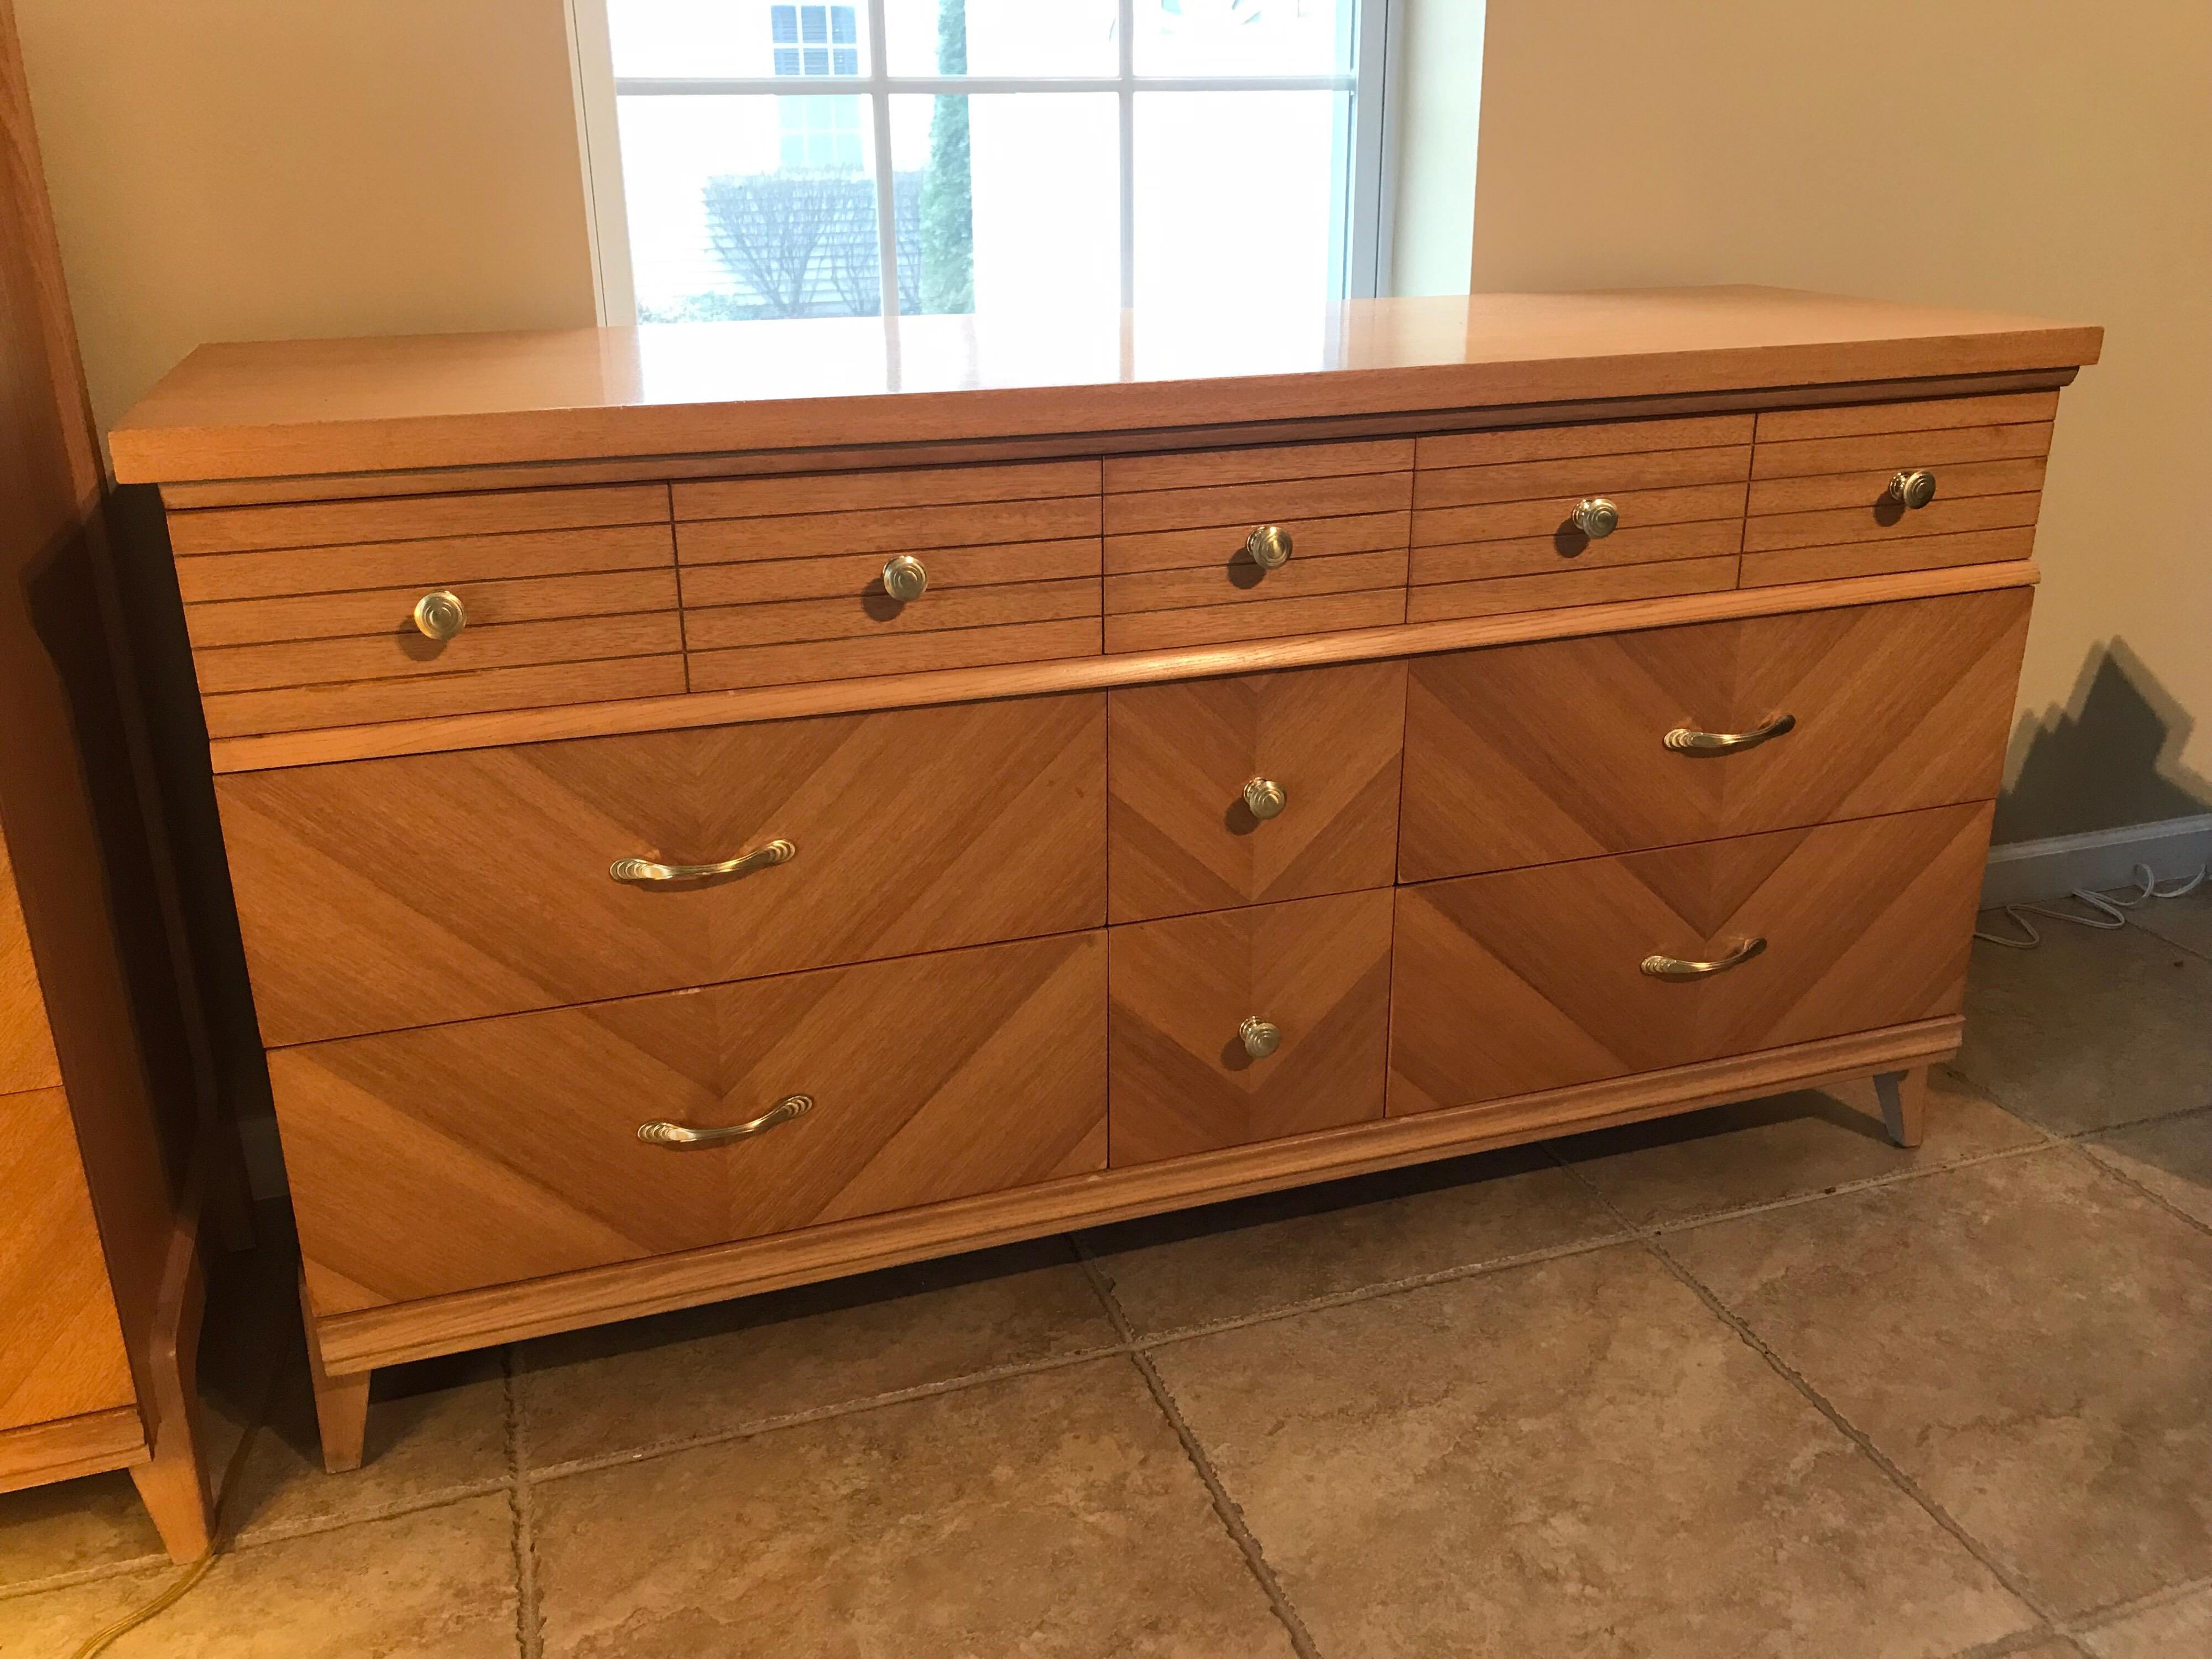 Pale bookmatched veneered double dresser, 1960s

Measures: 5’ wide x 18 3/4 deep x 32.25 “ high

Top drawer chairs:
Side drawers 23” wide 
Middle drawer 9” wide 
5” deep.

Middle and Bottom Drawers:
Side drawers 23” wide 
Middle drawers

- WHAT THIS TASK INVOLVES:
For the material above, what is the count of lines that hold the word "wide"? Give the number by itself.

- EXPECTED OUTPUT:
4